My output should be like following:
NAME,UNIQUE_ID,VOLUME_ALOCATED,MLOCAL_VALUE,MLOCAL_TIMESTMP,MLOCAL_limit,LOCAL_VALUE,LOCAL_TIMESTAMP,LOCAL_limit,MREMOTE_VALUE,MREMOTE_TIMESTAMP,REMOTE_VALUE,REMOTE_TIMESTAMP
(where MLOCAL_limit and LOCAL_limit are a subtract result between VOLUME_ALOCATED and MLOCAL_VALUE or LOCAL_VALUE)

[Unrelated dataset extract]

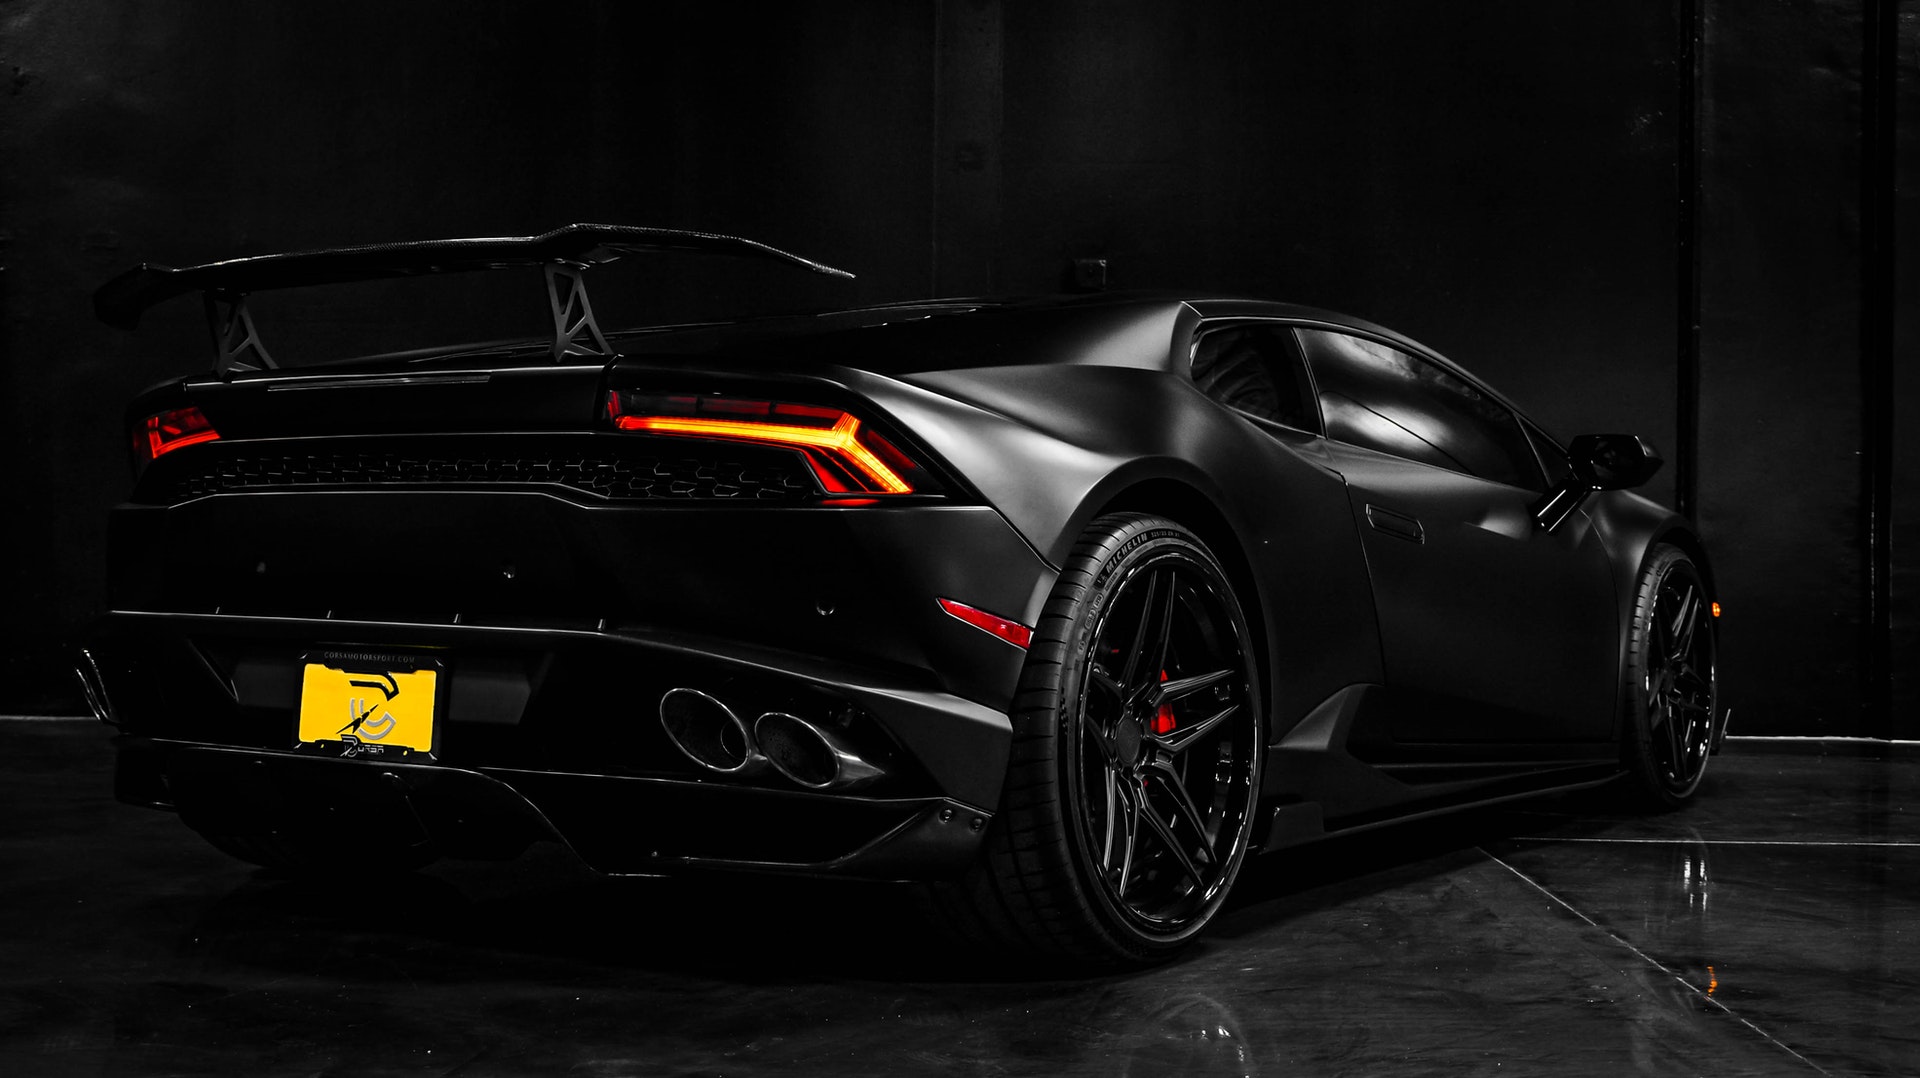 full view of a stylish black sportscar from the back

So, in my output file, fields position should be arranged like:
4th field =MLOCAL_VALUE,5th field =MLOCAL_TIMESTMP,7th field=LOCAL_VALUE,
8th field=LOCAL_TIMESTAMP,10th field=MREMOTE_VALUE,11th field=MREMOTE_TIMESTAMP,12th field=REMOTE_VALUE,13th field=REMOTE_TIMESTAMP
Now, an example would be this:
for the following input: name,ID,VOLUME_ALLOCATED,MLOCAL,MREMOTE,33222,56,22/10/2012,18/10/2012
name,ID,VOLUME_ALLOCATED,REMOTE,234455,19/12/2012
I should process this line and the output should be this:
name,ID,VOLUME_ALLOCATED,33222,22/10/2012,MLOCAL_LIMIT, ,,,56,18/10/2012,,
7th ,8th, 9th,12th, and 13th fields are empty because there is no info related to: LOCAL_VALUE,LOCAL_TIMESTAMP,LOCAL_limit,REMOTE_VALUE, and REMOTE_TIMESTAMP
OR
name,ID,VOLUME_ALLOCATED,,,,,,,,,234455,9/12/2012
4th,5th,6th,7th,8th,9th,10thand ,11th, fields should be empty values because there is no info about: MLOCAL_VALUE,MLOCAL_TIMESTAMP,MLOCAL_LIMIT,LOCAL_VALUE,LOCAL_TIMESTAMP,LOCAL_LIMIT,MREMOTE_VALUE,MREMOTE_TIMESTAMP
VOLUME_ALLOCATED is retrieved from other csv file (called "info.csv") based on the ID field which is processed earlier in the script like:
info.csv
VOLUME_ALLOCATED,ID,CLIENT
5242881,64,subscriber
567743,24,visitor
data.csv
NAME,64,MLOCAL,341993,23/10/2012
NAME,24,LOCAL$REMOTE,2347$4324,19/12/2012$18/12/2012
Now, my code is this:
#! /usr/bin/bash
input="info.csv"
filedata="data.csv"
outfile="out"
nawk 'BEGIN{
while (getline < "'"$input"'")
{
split($0,ft,",");
volume=ft[1];
id=ft[2];
client=ft[3];
key=id;
volumeArr[key]=volume;
clientArr[key]=client;
}
close("'"$input"'");
while (getline < "'"$filedata"'")
{
gsub(/\$/,","); # substitute the $ separator with comma
split($0,ft,",");
volume=volumeArr[id]; # Get the volume from the volumeArr, using "id" as key
segment=clientArr[id]; # Get the client mode from the clientArr, using "id" as key
NAME=ft[1];
id=ft[2];
here I'm stuck, I can't find the right way to set the rest of the
fields since I don't know how to handle the 3rd and 4th fields.
? =ft[3];
? =ft[4];
Sorry, if I make you pretty confused but this is my current situation right now.
Thanks
You didn't provide the expected output from your sample input but here's a start to show how to get the values for the 2 different formats of input line:
$ cat tst.awk
BEGIN{ FS=","; OFS="\t" }
{
delete value # or use split("",value) if your awk cant delete arrays
if ($4 ~ /LOCAL|REMOTE/) {
value[$3] = $5
date[$3] = $7
value[$4] = $6
date[$4] = $8
}
else {
value[$3] = $4
date[$3] = $5
}
print
for (type in value) {
printf "%15s%15s%15s\n", type, value[type], date[type]
}
}
$ awk -f tst.awk file
xxxxxx,xx,MLOCAL,MREMOTE,33222,56,22/10/2012,18/10/2012
MREMOTE 56 18/10/2012
MLOCAL 33222 22/10/2012
xxxxxx,xx,MREMOTE,MLOCAL,33222,56,22/10/2012,18/10/2012
MREMOTE 33222 22/10/2012
MLOCAL 56 18/10/2012
xxxxxx,xx,MLOCAL,*341993,22/10/2012*
MLOCAL *341993 22/10/2012*
xxxxxx,xx,MREMOTE,9356828,08/10/2012
MREMOTE 9356828 08/10/2012
xxxxxx,xx,LOCAL,REMOTE,19316,15253,22/10/2012,22/10/2012
REMOTE 15253 22/10/2012
LOCAL 19316 22/10/2012
xxxxxx,xx,REMOTE,LOCAL,1865871,383666,22/10/2012,22/10/2012
REMOTE 1865871 22/10/2012
LOCAL 383666 22/10/2012
xxxxxx,xx,REMOTE,1180306134,19/10/2012
REMOTE 1180306134 19/10/2012
and if you post the expected output we could help you more.